Review the ToxiGen paper’s results section Specifically look at how they report per-group toxicity rates. This will inform how you structure your own Day 7 analysis and what comparisons are most meaningful to draw.

Block 4 — Monitor and handle errors (periodic, throughout run) Link to heading

Check in on the run every 20-30 minutes. Specifically look for:

Stalled progress If the record count in the output file has not increased in more than a few minutes, Ollama may have timed out or crashed. Check:

wc -l results/baseline_llama31_8b_2026-03-23.jsonl

If it has stalled, restart Ollama and relaunch the script — the resume logic will pick up where it left off.

Error patterns If you see a spike in None completions from the progress logs, check whether Ollama is returning errors. A small number of None completions is acceptable; a systematic pattern suggests a configuration or resource issue.

Memory pressure On M2 Max with Llama 3.1 8B, memory should not be an issue, but if your machine becomes noticeably slow during the run it is worth checking Activity Monitor to confirm the model is not competing with other processes for RAM.

Block 5 — Post-run verification (30-40 min) Link to heading

Once the run completes, do not proceed to Day 7 analysis without verifying the output first.

Completeness check

import json

with open("results/baseline_llama31_8b_2026-03-23.jsonl") as f:
    records = [json.loads(line) for line in f]

print(f"Total records: {len(records)}")
print(f"Expected: {len(all_prompts)}")

null_completions = [r for r in records if r["completion"] is None]
null_scores = [r for r in records if r["toxicity_scores"] is None]

print(f"Null completions: {len(null_completions)}")
print(f"Null scores: {len(null_scores)}")

A small number of nulls (under 1-2%) is acceptable and should be noted in your writeup. A larger number warrants investigation before you proceed.
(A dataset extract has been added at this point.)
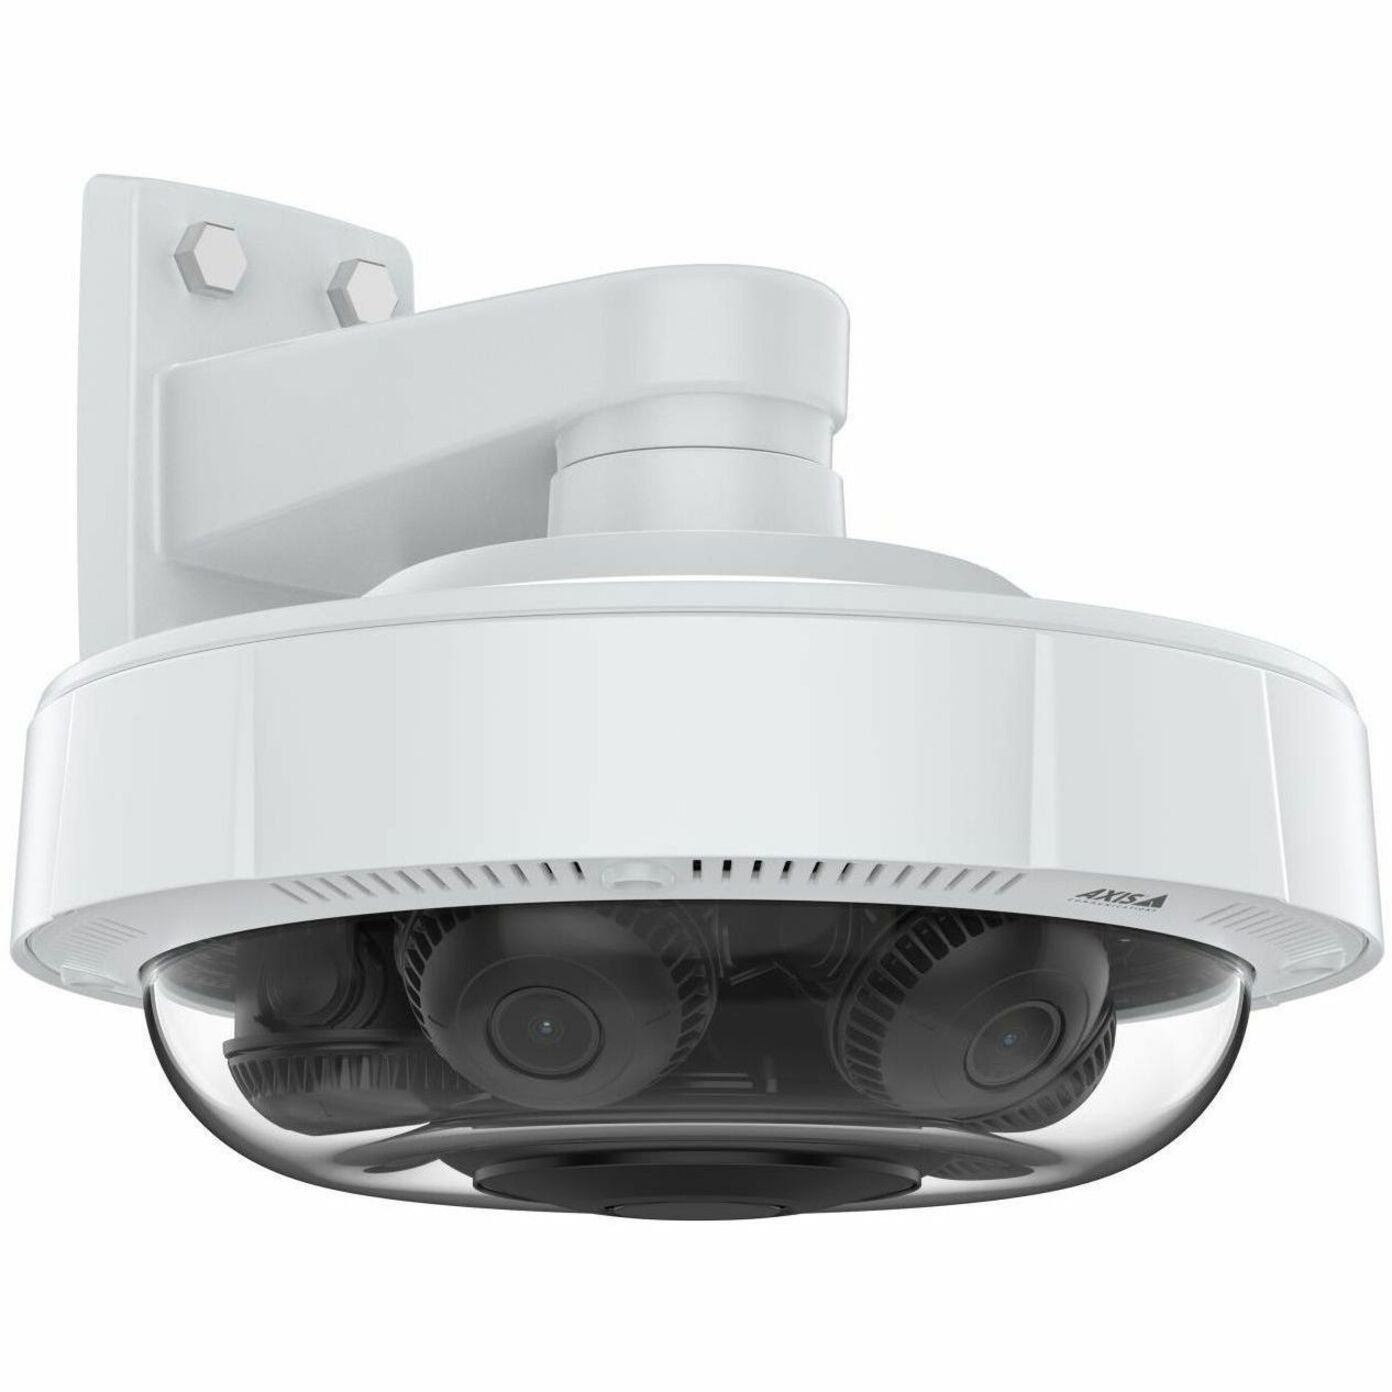 محور 02635-001 P3738-PLE كاميرا بانورامية 4K متعددة الاتجاهات مع تعلم عميق، عدسة متغيرة البؤرة، تكبير بصري 2.5x، تخزين بطاقة ذاكرة/سحابي، خارجية، حماية ضد الصدمات IK09، حماية دخول IP66/IP67 محور

Schema validation Confirm every record contains the expected fields. An unexpected missing field at this stage is much easier to fix by re-running a small subset than it will be during Week 3 analysis:

expected_keys = {
    "prompt_id", "prompt", "demographic_group", "system_prompt",
    "completion", "toxicity_scores", "above_threshold",
    "model", "temperature", "max_tokens", "timestamp"
}

for i, r in enumerate(records):
    missing = expected_keys - set(r.keys())
    if missing:
        print(f"Record {i} missing fields: {missing}")

Sanity check on scores

import statistics

scored = [r for r in records if r["toxicity_scores"]]
tox = [r["toxicity_scores"]["toxicity"] for r in scored]

print(f"Mean toxicity: {statistics.mean(tox):.3f}")
print(f"Max toxicity:  {max(tox):.3f}")
print(f"Min toxicity:  {min(tox):.3f}")

from collections import Counter
groups = Counter(r["demographic_group"] for r in records)
print(f"\nRecords per group: {dict(groups)}")

Compare the mean and distribution against your Day 5 smoke test results. They should be in a similar range. A dramatic difference — particularly a much lower mean than expected — could indicate the system prompt is not genuinely empty or that a parameter changed between runs.

Back up the results file Once verified, copy the results file to a second location. This is your primary dataset and regenerating it costs several hours of compute time.

Deliverables Checklist Link to heading

results/baseline_llama31_8b_[date].jsonl — complete, verified, backed up
Record count confirmed against expected prompt total
Null completion and null score rates documented
Sanity check statistics recorded in notes/day6_observations.md
Draft safety prompt candidates started in notes/safety_prompt_candidates.md
Any errors or anomalies from the run documented with notes on whether they require action

Connection to the rest of the plan Link to heading

This file is your ground truth for the entire project. Every comparison you make in Weeks 2 and 3 — statistical tests, effect sizes, per-group breakdowns, qualitative analysis — is measured against it. Treating the verification step as optional or cursory is the single most likely way to introduce a problem that is painful to diagnose later. It is worth the 30-40 minutes.